Aku punya banyak permasalahan yang jauh lebih berat daripada rambut berantakan.

Hidupku tidak akan pernah sama lagi. Kini aku menjadi seorang pelarian yang
mengemban tugas untuk menyelamatkan suatu negeri yang bahkan aku sendiri tidak tahu
seperti apa bentuknya. Aku sudah berurusan dengan makhluk yang kupikir hanya ada
dalam dongeng, seseorang yang tak memiliki emosi, dan terjebak dalam bahaya yang
nyaris merenggut nyawaku. Aku nyaris diculik oleh Vampir, dan kalau itu masih kurang
juga, aku dikejar-kejar oleh pasukan Vampir dan Soul Eater. Hidupku takkan pernah
normal lagi, aku tahu itu.

“Louie,” panggilku tanpa menoleh, merasakan aura Louie saat ia mendekat. “Menurut
cerita yang sering kubaca, Vampir tidak kuat bersentuhan dengan cahaya matahari.
Kenapa mereka bisa keluar di siang hari kemarin?”

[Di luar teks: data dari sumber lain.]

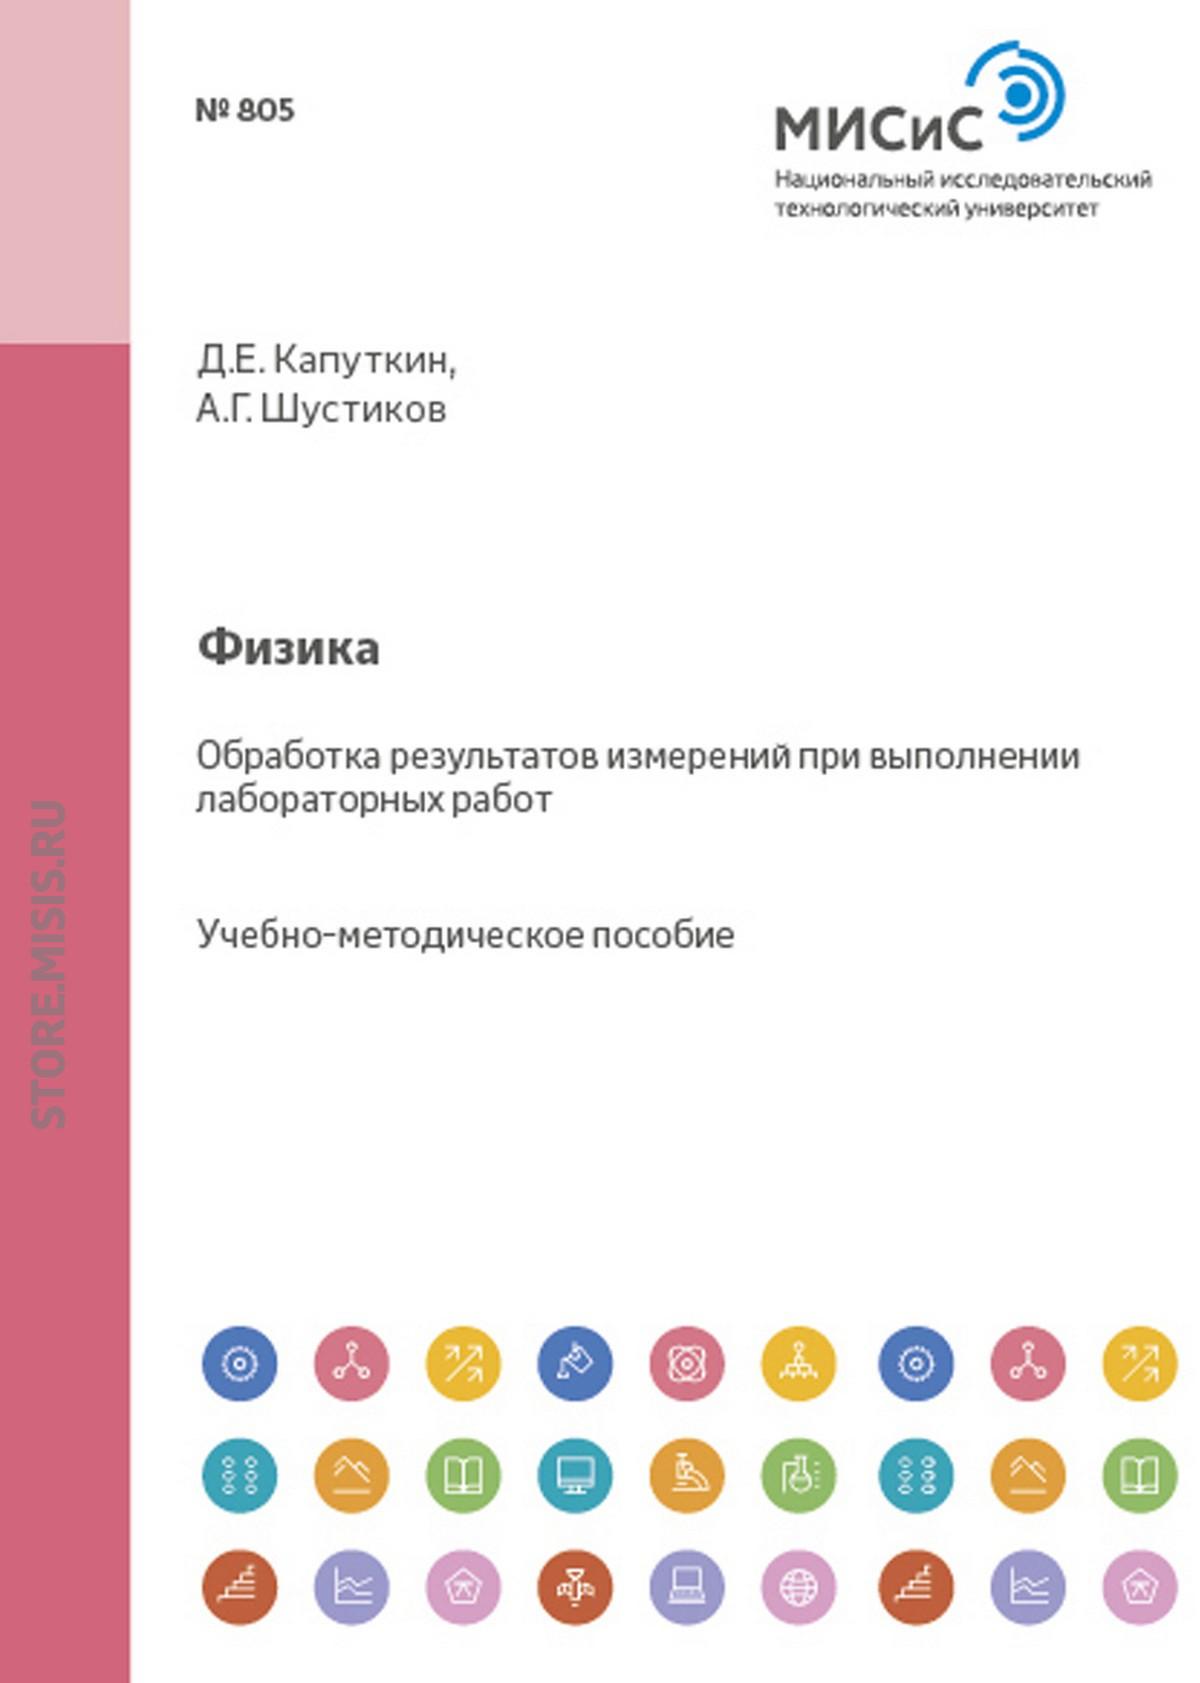 Андрей Шустиков Физика. Обработка результатов измерений при выполнении лабораторных работ андрей шустиков физика обработка результатов измерений при выполнении лабораторных работ

“Kau membaca buku yang salah,” kata Louie dengan nada datar. “Mereka memang tidak
kuat dengan cahaya matahari, tapi bukan berarti mereka tidak dapat keluar pada siang
hari. Apa kau lupa kalau kemarin mendung?”

“Ah. Itu rupanya.”

“Hei, kalian berdua. Kurasa sebaiknya kita berangkat sekarang, saat hari masih
pagi,” ajak Lucas. “Bagiku, makin cepat kita menyelesaikan misi penyelamatan negeri
ini, makin baik.”

Aku bangkit berdiri, menggeliat kecil. “Baiklah. Ayo kita berangkat.”

*

Aku tidak merasa harus membentengi diri dari emosi orang lain sekarang ini. Toh yang
ada bersamaku hanya Lucas dan Louie. Yang kurasakan hanyalah emosi Lucas, aku tahu
itu, karena Louie sudah menjelaskan kalau semua Emotion Eater nyaris tak pernah
merasakan emosi. Karena itulah mereka memakan emosi orang lain.

Karena itulah aku hanya merasakan emosi Lucas.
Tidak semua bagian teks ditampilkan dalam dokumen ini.